This is a continuation for a question I posted here Creating a new r data.table column based on values in another column and grouping, and to which @Frank provided an excellent answer.
As I have to do multiple of these calculations with different date intervals, I want to do a function which does them. However, I seem to be running into a scoping problem. I read the Vignettes, FAQ, and a ton of questions here and I still am left baffled.
We'll use the same data:
library(data.table)
set.seed(88)
DT <- data.table(date = Sys.Date()-365 + sort(sample(1:100, 10)),
zip = sample(c("2000", "1150", "3000"),10, replace = TRUE),
purchaseAmount = sample(1:20, 10))
Here is the answer @Frank provided:
DT[, new_col :=
DT[.(zip = zip, d0 = date - 10, d1 = date), on=.(zip, date >= d0, date <= d1),
sum(purchaseAmount)
, by=.EACHI ]$V1
]
DT
date zip purchaseAmount new_col
1: 2016-01-08 1150 5 5
2: 2016-01-15 3000 15 15
3: 2016-02-15 1150 16 16
4: 2016-02-20 2000 18 18
5: 2016-03-07 2000 19 19
6: 2016-03-15 2000 11 30
7: 2016-03-17 2000 6 36
8: 2016-04-02 1150 17 17
9: 2016-04-08 3000 7 7
10: 2016-04-09 3000 20 27
And now the actual problem I have encountered. I created the following function which enables dynamically changing the interval:
sumPreviousPurchases = function(dt, newColName, daysFrom, daysUntil){
zip = substitute(zip)
newColName = substitute(newColName)
dt[, newColName :=
dt[.(zip = zip, d0 = (date - daysUntil), d1 = (date - daysFrom))
, on=.(zip, date >= d0, date <= d1),
sum(purchaseAmount)
, by=.EACHI ]$V1
]
}
sumPreviousPurchases(DT, prevPurch1to10, 0, 10)
DT
date zip purchaseAmount newColName
1: 2016-02-07 1150 5 5
2: 2016-02-14 3000 15 15
3: 2016-03-16 1150 16 16
4: 2016-03-21 2000 18 18
5: 2016-04-06 2000 19 19
6: 2016-04-14 2000 11 30
7: 2016-04-16 2000 6 36
8: 2016-05-02 1150 17 17
9: 2016-05-08 3000 7 7
10: 2016-05-09 3000 20 27
What troubles me is the scoping. The function names the new column newColName
regardless of what I insert in the function call. From reading I got that when calling for data.table column names in function arguments, one should use the substitute()
-function. However, this does not work here, the result is the same even if I leave the whole newColName = substitute(newColName)
line out.
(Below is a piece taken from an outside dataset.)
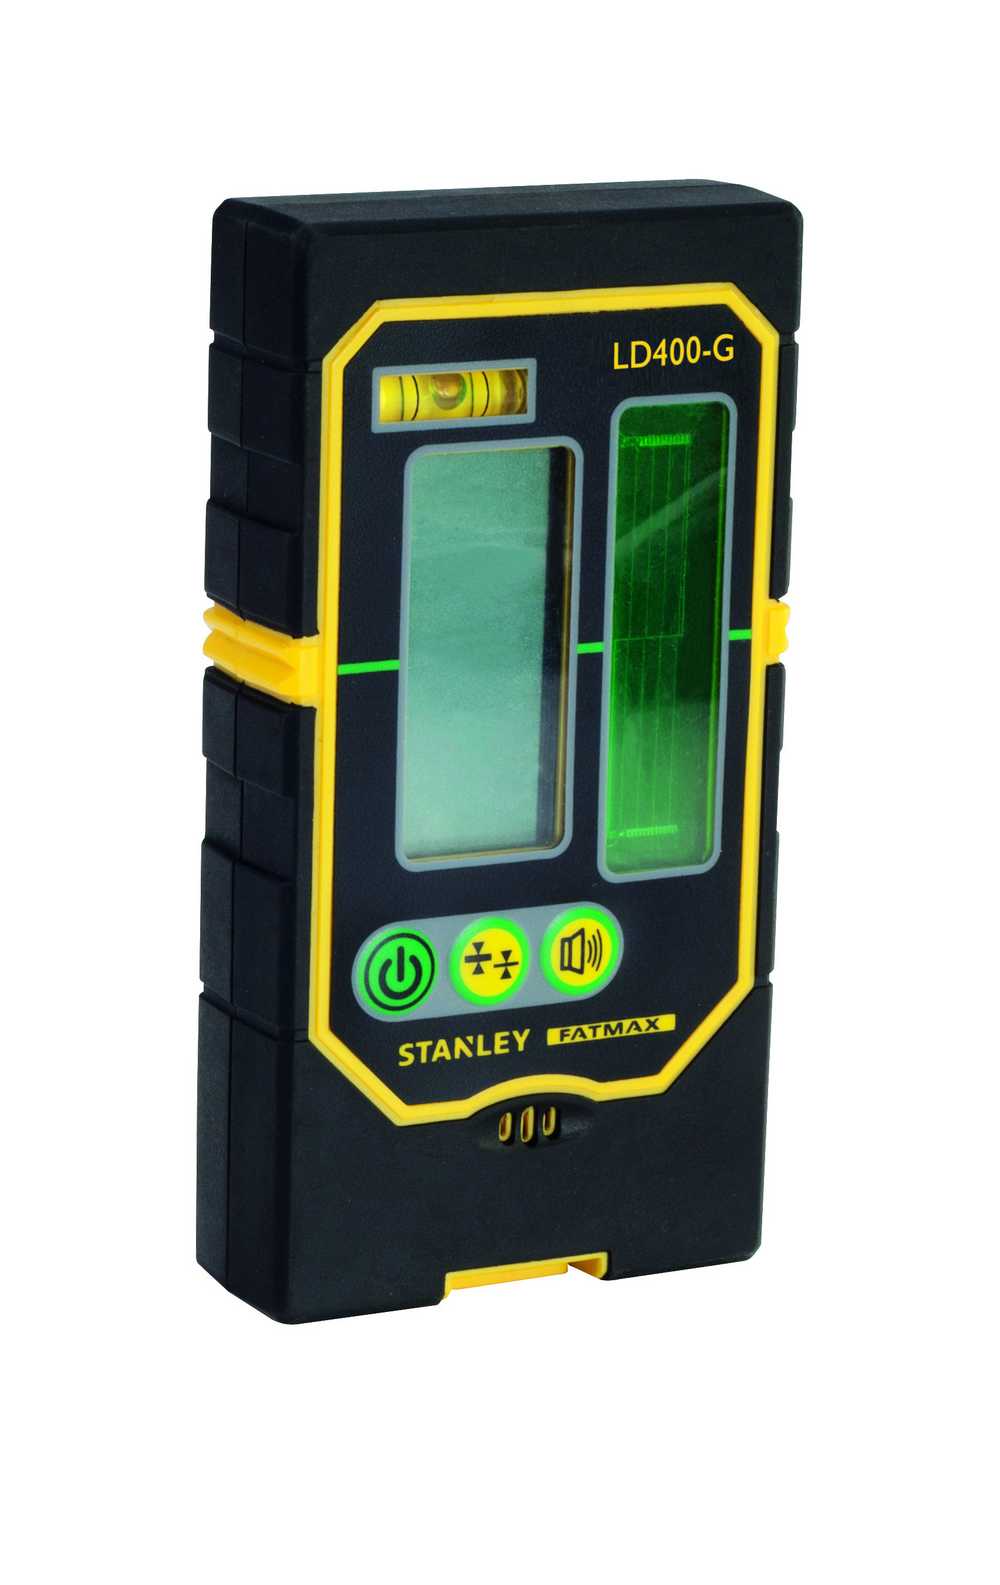 LD400-G lijndetector voor groene straal (voor gebruik met RL
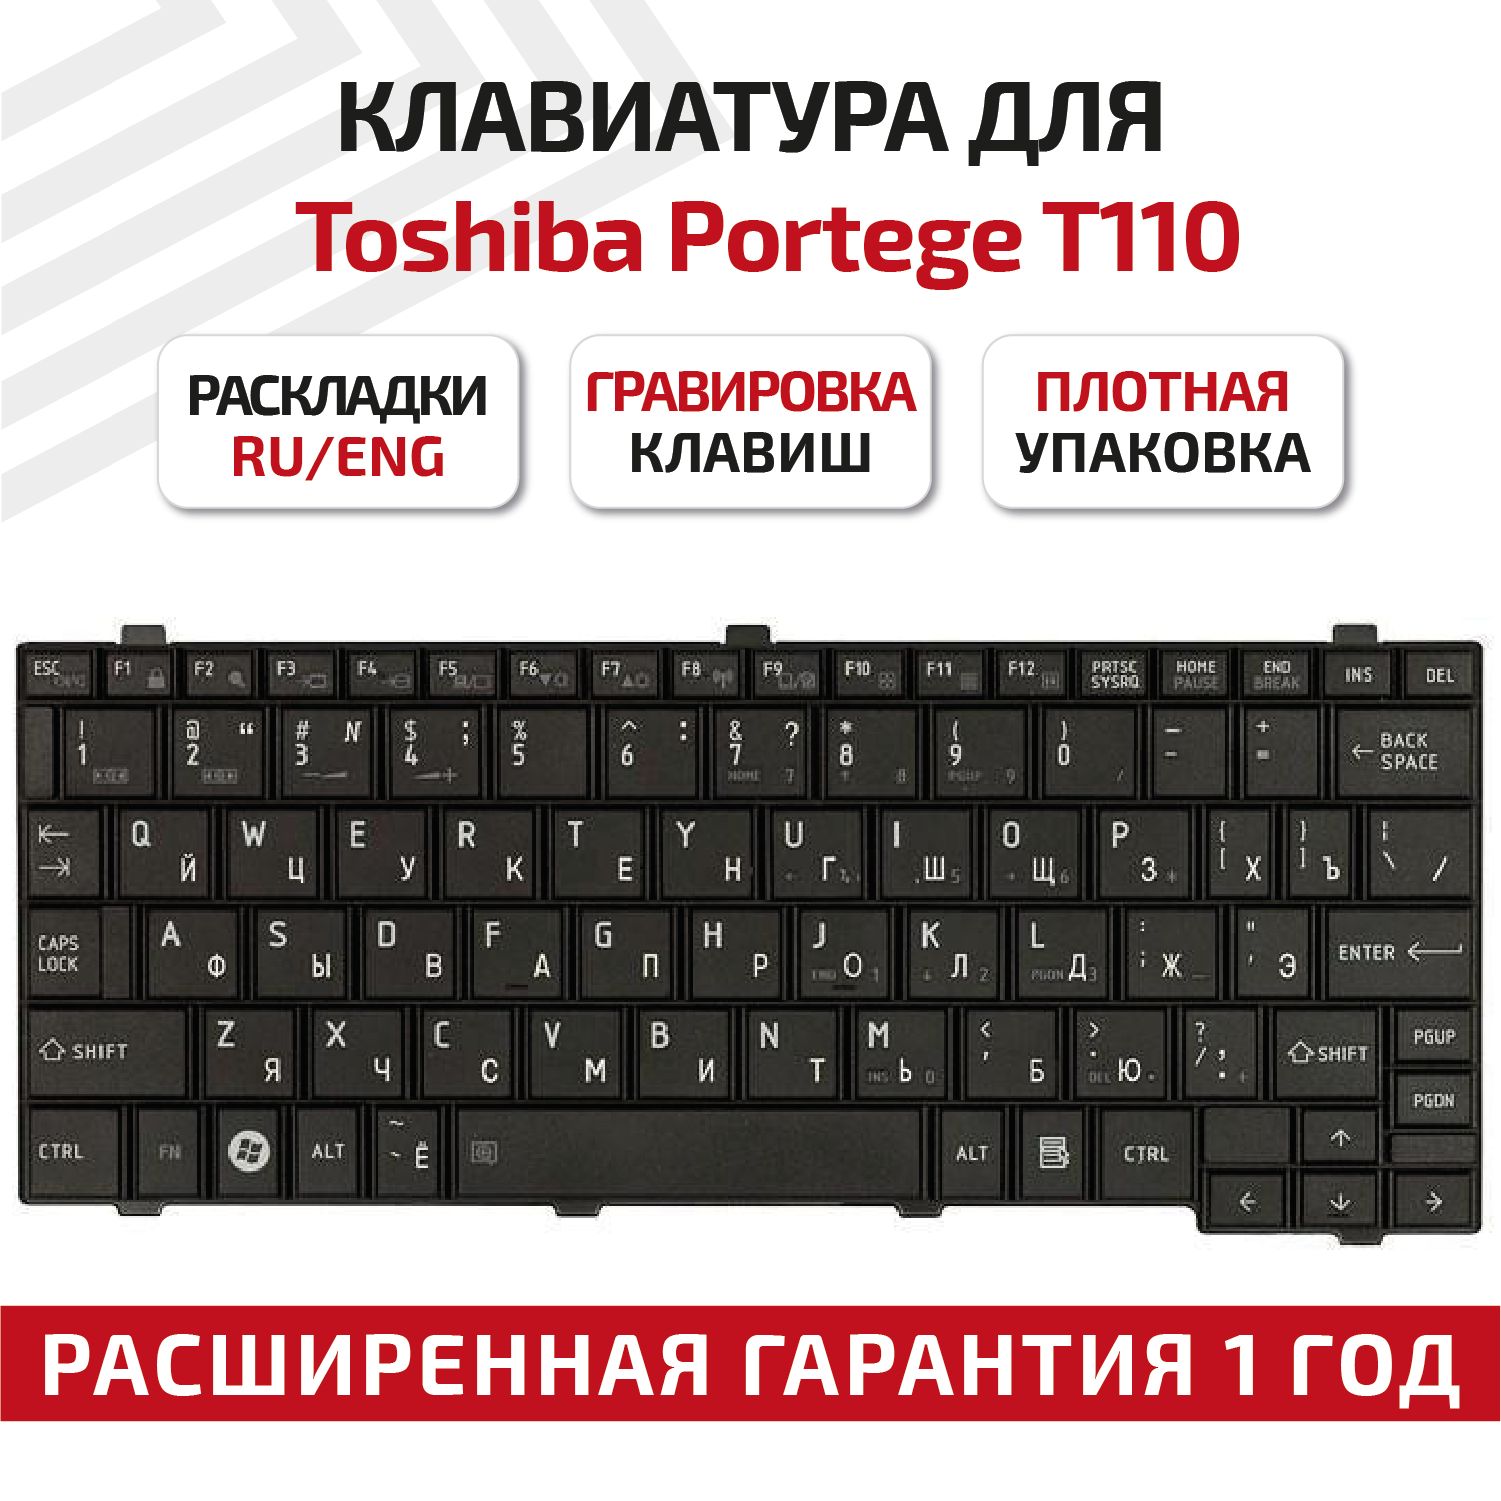 Клавиатура nsk. Микроc клавиатура.

I suppose it is because the column does not exist yet, but I do not know how to address this issue.
As a bonus I would like to ask, is there also a way to name the columns dynamically, ie. in the example for instance to be "daysFrom
_ to_daysUntil
", and the name would be "0_to_10"?
----- EDIT ----
I also stumbled upon a possible answer myself, somewhat similarly to @lmo's answer using an idea from here: http://brooksandrew.github.io/simpleblog/articles/advanced-data-table/#assign-a-column-with--named-with-a-character-object
Most important differences on the question: I removed the newColName = substitute(newColName)
entirely, and added brackets around the (newColName)
on dt[, (newColName) :=
sumPreviousPurchases = function(dt, newColName, daysFrom, daysUntil){
zip = substitute(zip)
#newColName = substitute(newColName)
dt[, (newColName) :=
dt[.(zip = zip, d0 = (date - daysUntil), d1 = (date - daysFrom))
, on=.(zip, date >= d0, date <= d1),
sum(purchaseAmount)
, by=.EACHI ]$V1
]
}
Additionally I added quotes to the "prevPurch1to10"
.
sumPreviousPurchases(DT, "prevPurch1to10", 0, 10)
and got the answer
date zip purchaseAmount prevPurch1to10
1: 2016-02-17 1150 7 7
2: 2016-02-22 3000 8 8
3: 2016-03-04 1150 2 2
4: 2016-03-16 2000 14 14
5: 2016-04-03 2000 11 11
6: 2016-04-11 3000 12 12
7: 2016-04-21 1150 17 17
8: 2016-04-22 3000 3 3
9: 2016-05-03 2000 9 9
10: 2016-05-11 3000 4 4
However, there are still the two following weird things:
a) substitute()
is not needed when adding the brackets on (newColName)
. Why is that?
b) quotes are required around the "prevPurch1to10"
. Again, why? Is there a more data.table
ish way to do this, without the quotes?